**Task instructions**
Word for word, copy the listing below and leave out its images.

**Data shown**
───
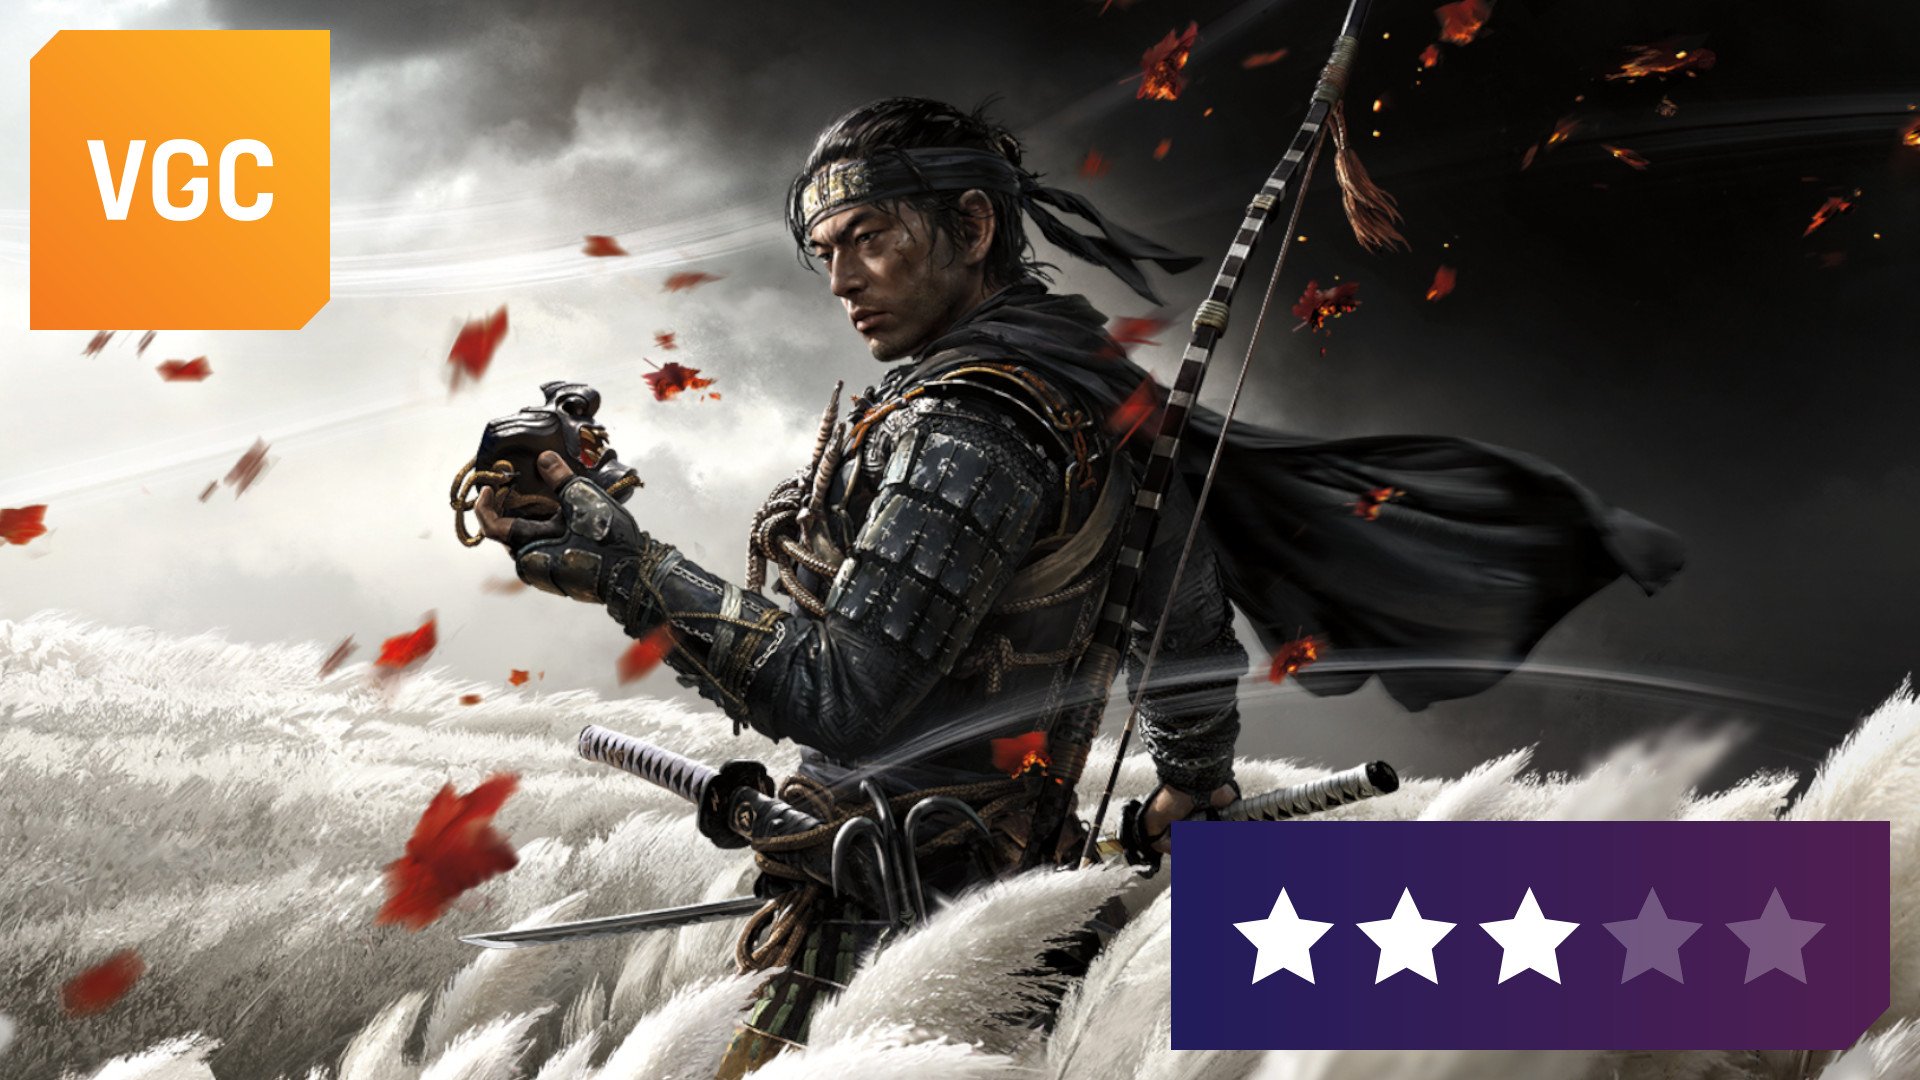 MauroNL on X: (Rumour) Online ad might have revealed Ghost of Tsushima is  heading to Steam on February 7, 2022. This coincides with the infamous  Geforce Now leak, which also indicated the
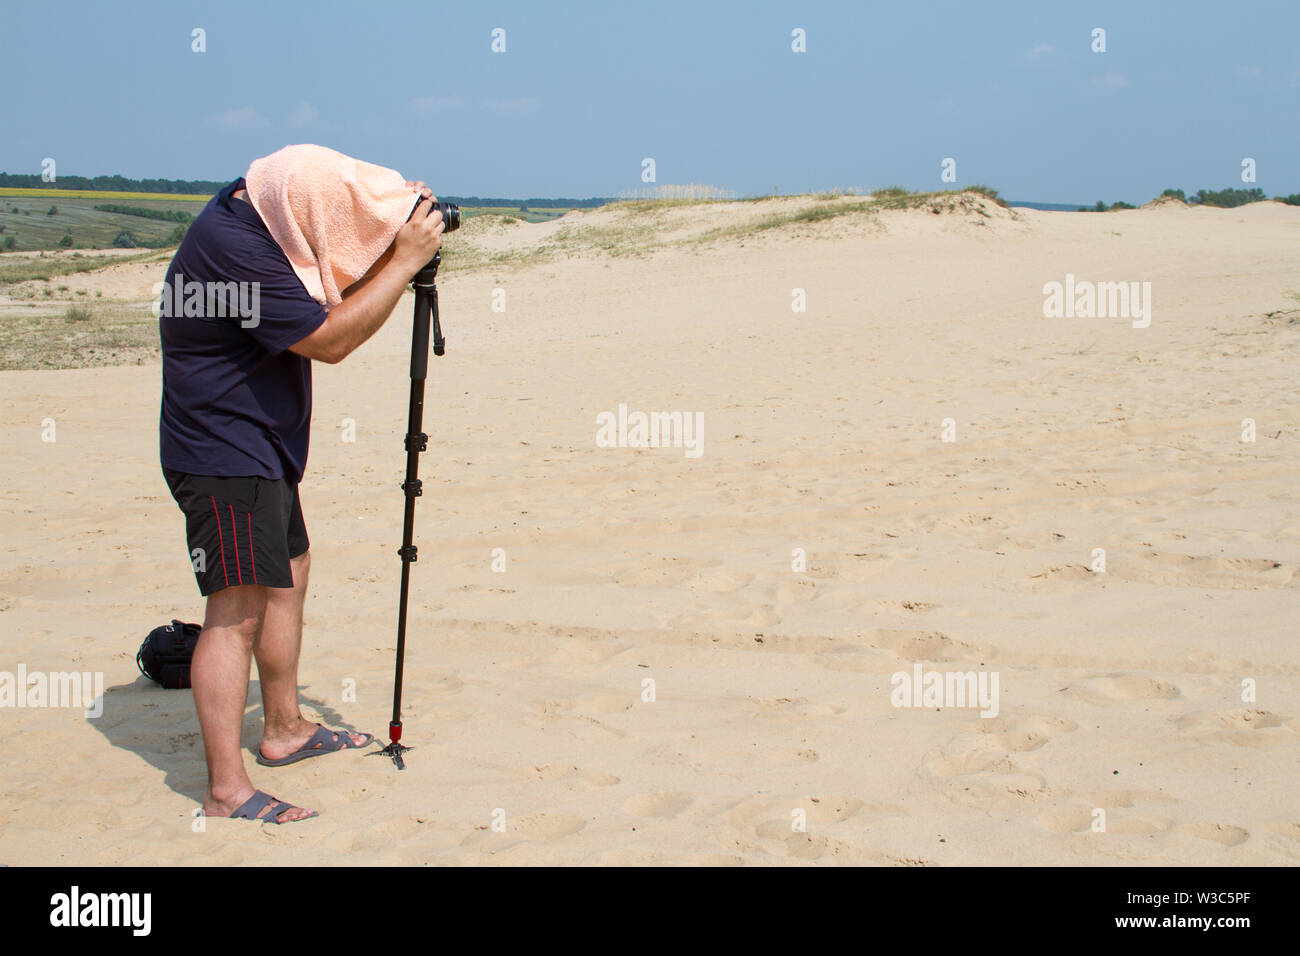 Kharkiv, Ukraine - July 31, 2016: Adult male photographer with a towel on his head from the heat is taking pictures with a camera on a stand in the de Stock Photo
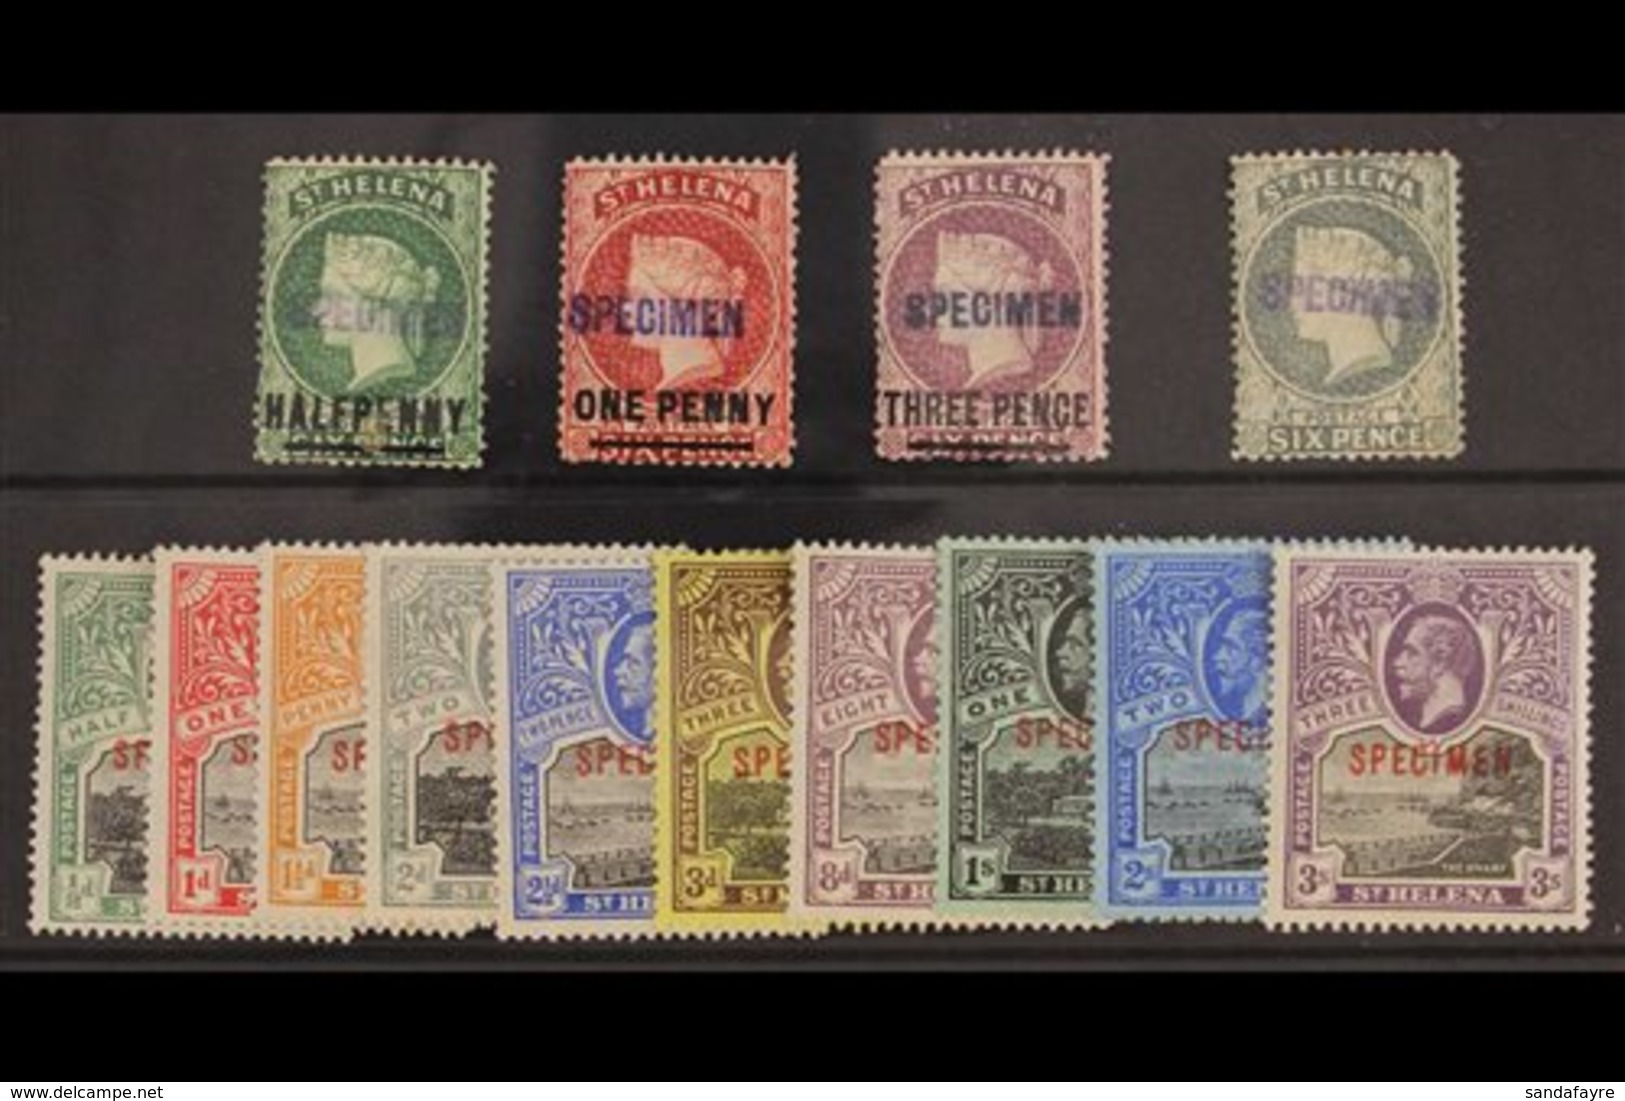 SPECIMENS Fresh Mint Selection With Scarce 1884 Set Of 4, SG 40s/44s And 1912 Geo V Set Complete, SG 72s/81s. (14 Stamps - Saint Helena Island
───
**Solution to this task**
 MauroNL on X: (Rumour) Online ad might have revealed Ghost of Tsushima is  heading to Steam on February 7, 2022. This coincides with the infamous  Geforce Now leak, which also indicated the
 Kharkiv, Ukraine - July 31, 2016: Adult male photographer with a towel on his head from the heat is taking pictures with a camera on a stand in the de Stock Photo
 SPECIMENS Fresh Mint Selection With Scarce 1884 Set Of 4, SG 40s/44s And 1912 Geo V Set Complete, SG 72s/81s. (14 Stamps - Saint Helena Island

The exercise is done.